Member of the U.S. House of Representatives from New York's 5th district
- In office March 4, 1811 – March 4, 1813
- Preceded by: Barent Gardenier
- Succeeded by: Thomas P. Grosvenor

Member of the New York State Assembly
- In office 1838–1839

Personal details
- Born: November 21, 1778 Wallingford, Connecticut
- Died: November 20, 1853 (aged 74) Catskill, New York
- Party: Democratic-Republican

= Thomas B. Cooke =

American politician (1778–1853)

Thomas Burrage Cooke (November 21, 1778 – November 20, 1853) was a United States representative from New York.

==Biography==
Born in Wallingford, Connecticut, he moved to New York about 1802 and settled in Catskill.
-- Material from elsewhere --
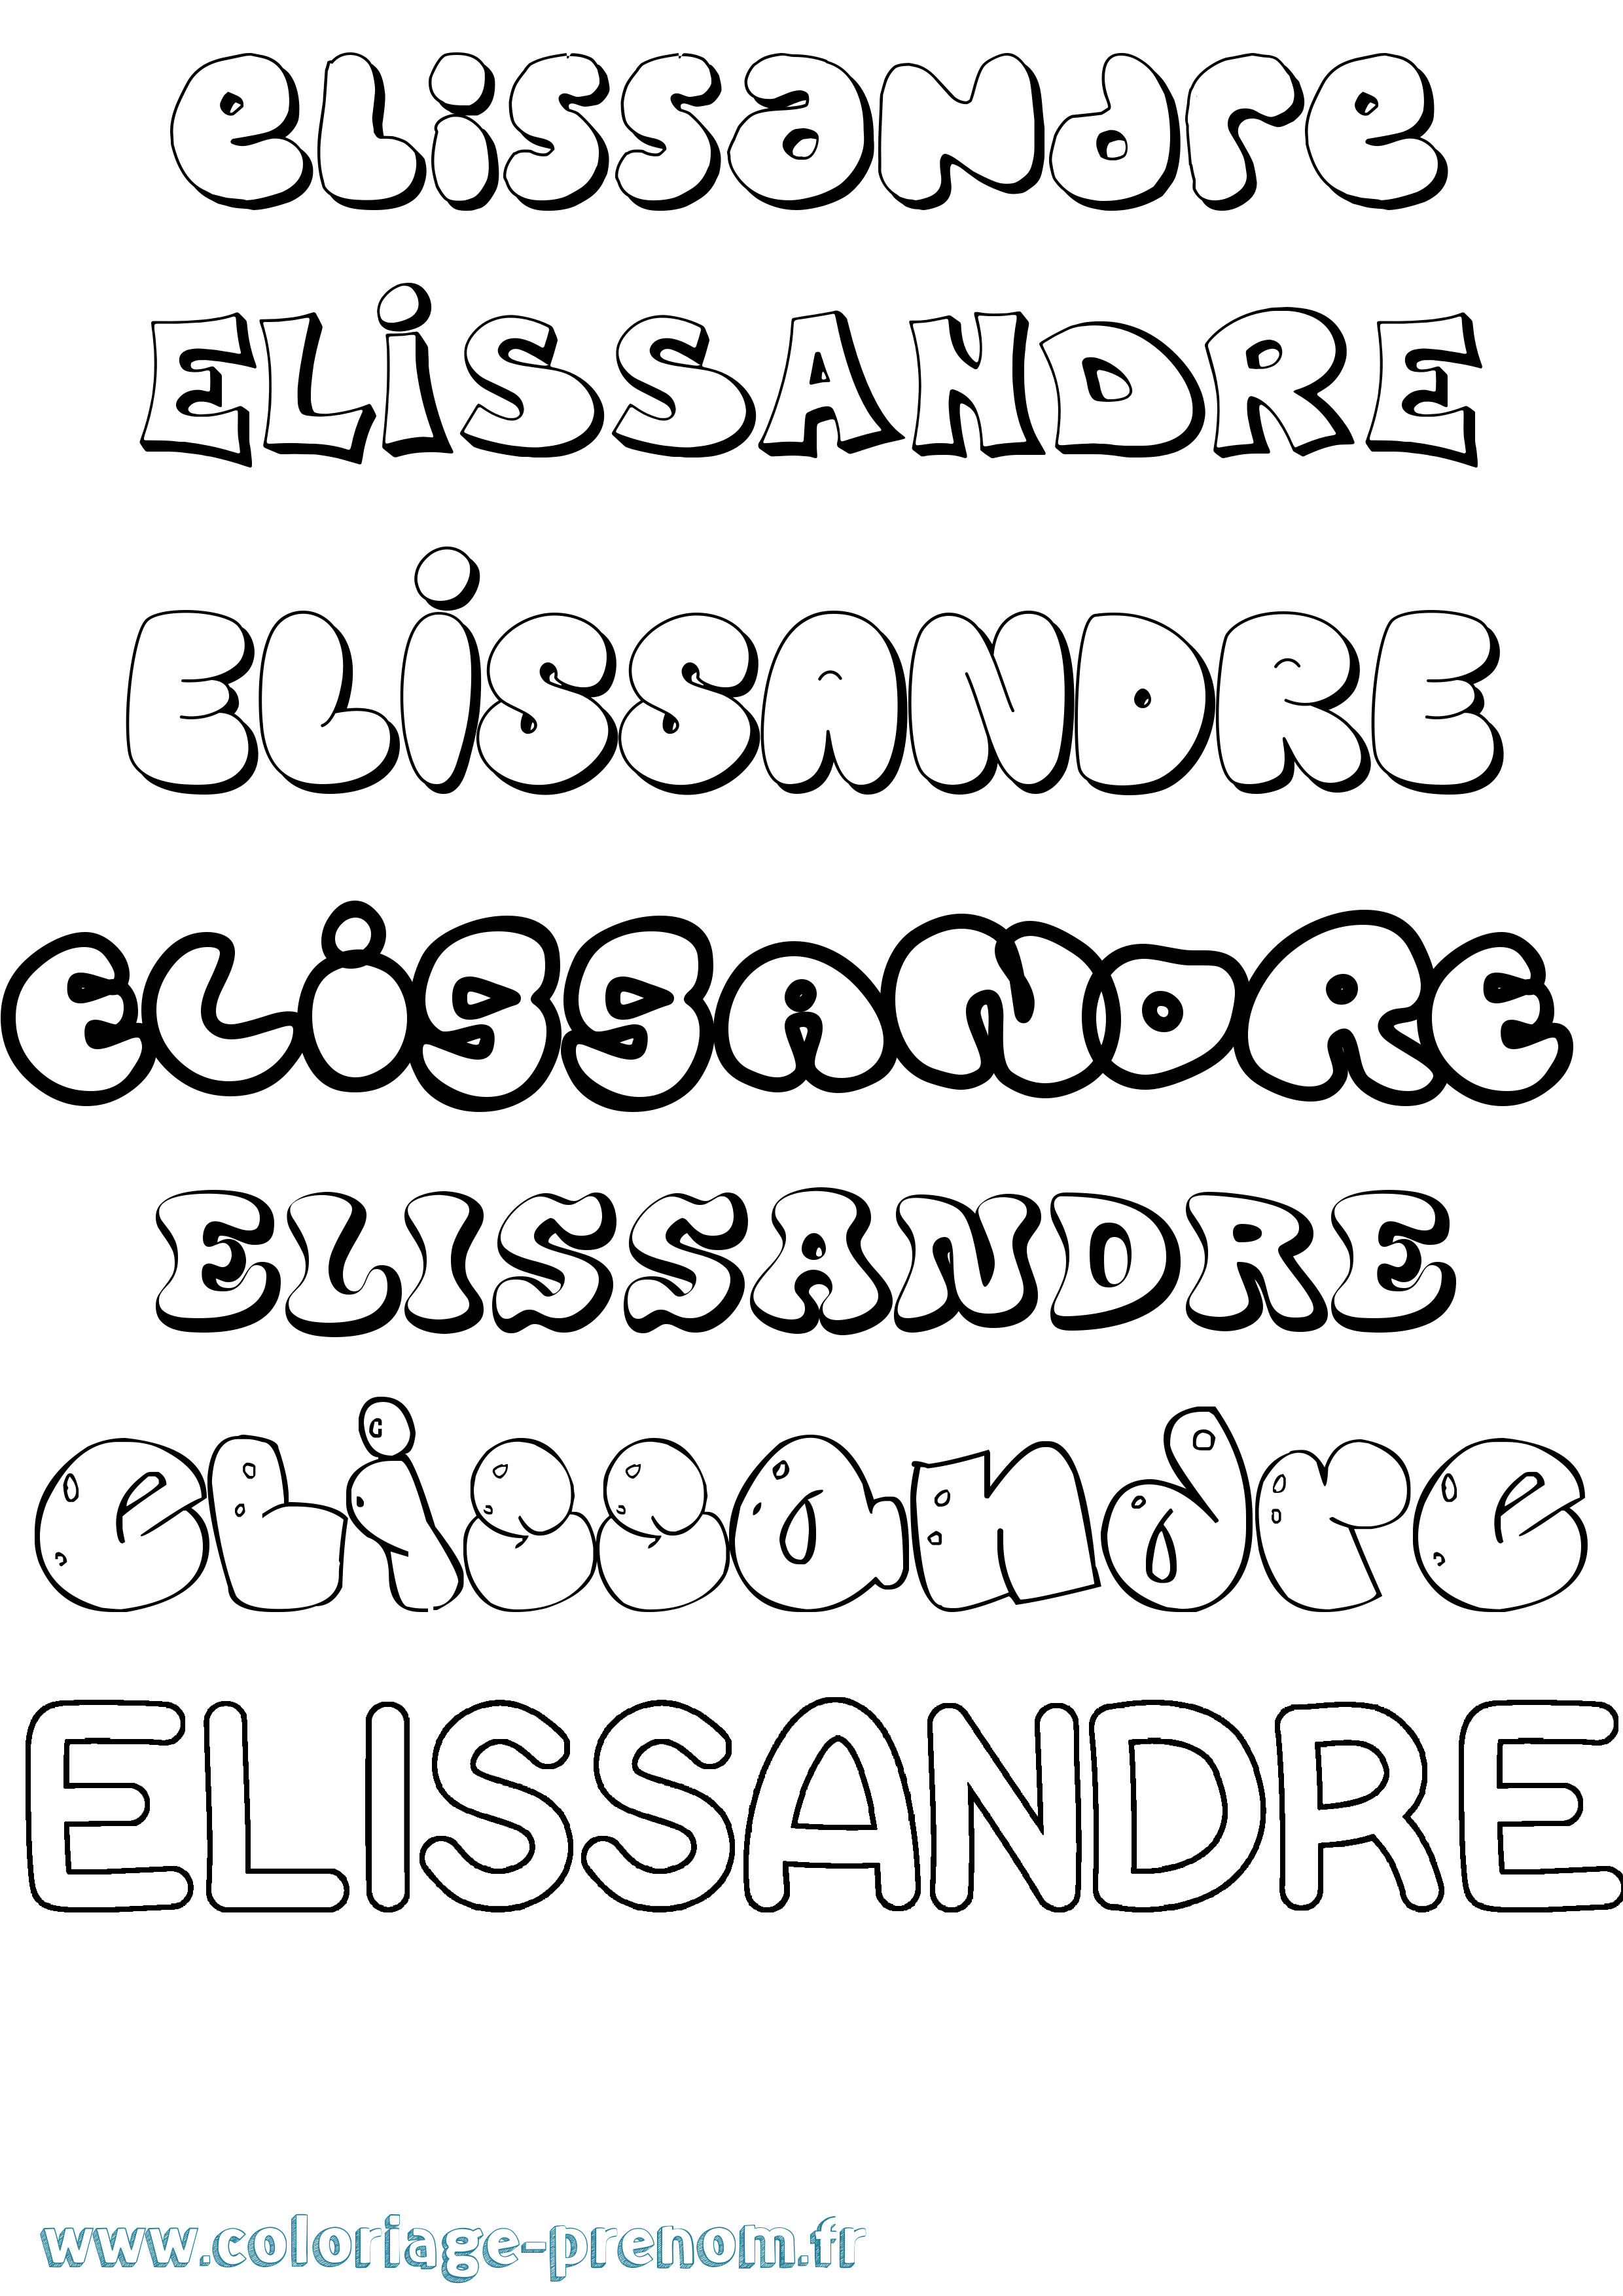 Coloriage prénom Elissandre Bubble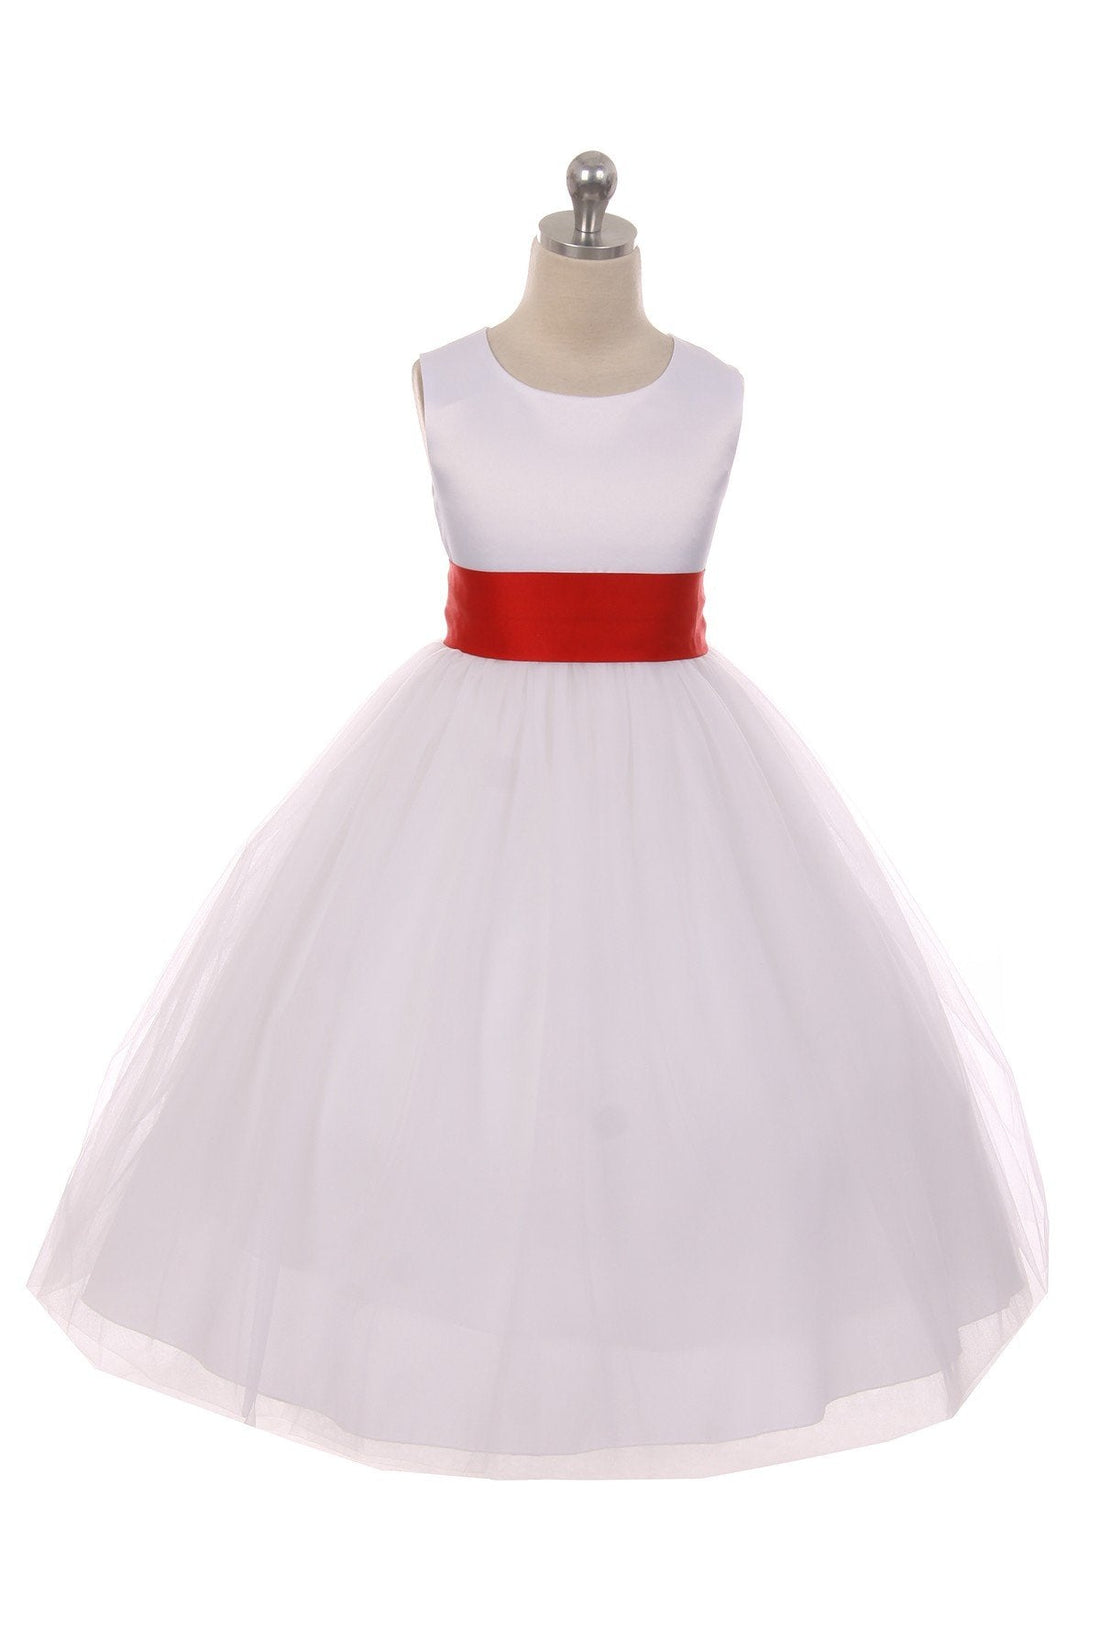 Red Girl Dress - Ivory Satin Sash Bow Girl Dress - AS411 Kids Dream

He engaged in mercantile pursuits; and was elected as a Democratic-Republican to the Twelfth Congress, holding office from March 4, 1811 to March 4, 1813. He was elected president of what is now the Catskill National Bank in 1813 and took the oath of office as justice of the peace on September 2, 1818. He engaged in the water freighting business in 1823 and was also interested in agricultural pursuits. He became one of the incorporators of the Catskill & Canajoharie Railway on April 19, 1830 and was a member of the New York State Assembly in 1838 and 1839. He died in Catskill in 1853; and was interred in Catskill Village Cemetery.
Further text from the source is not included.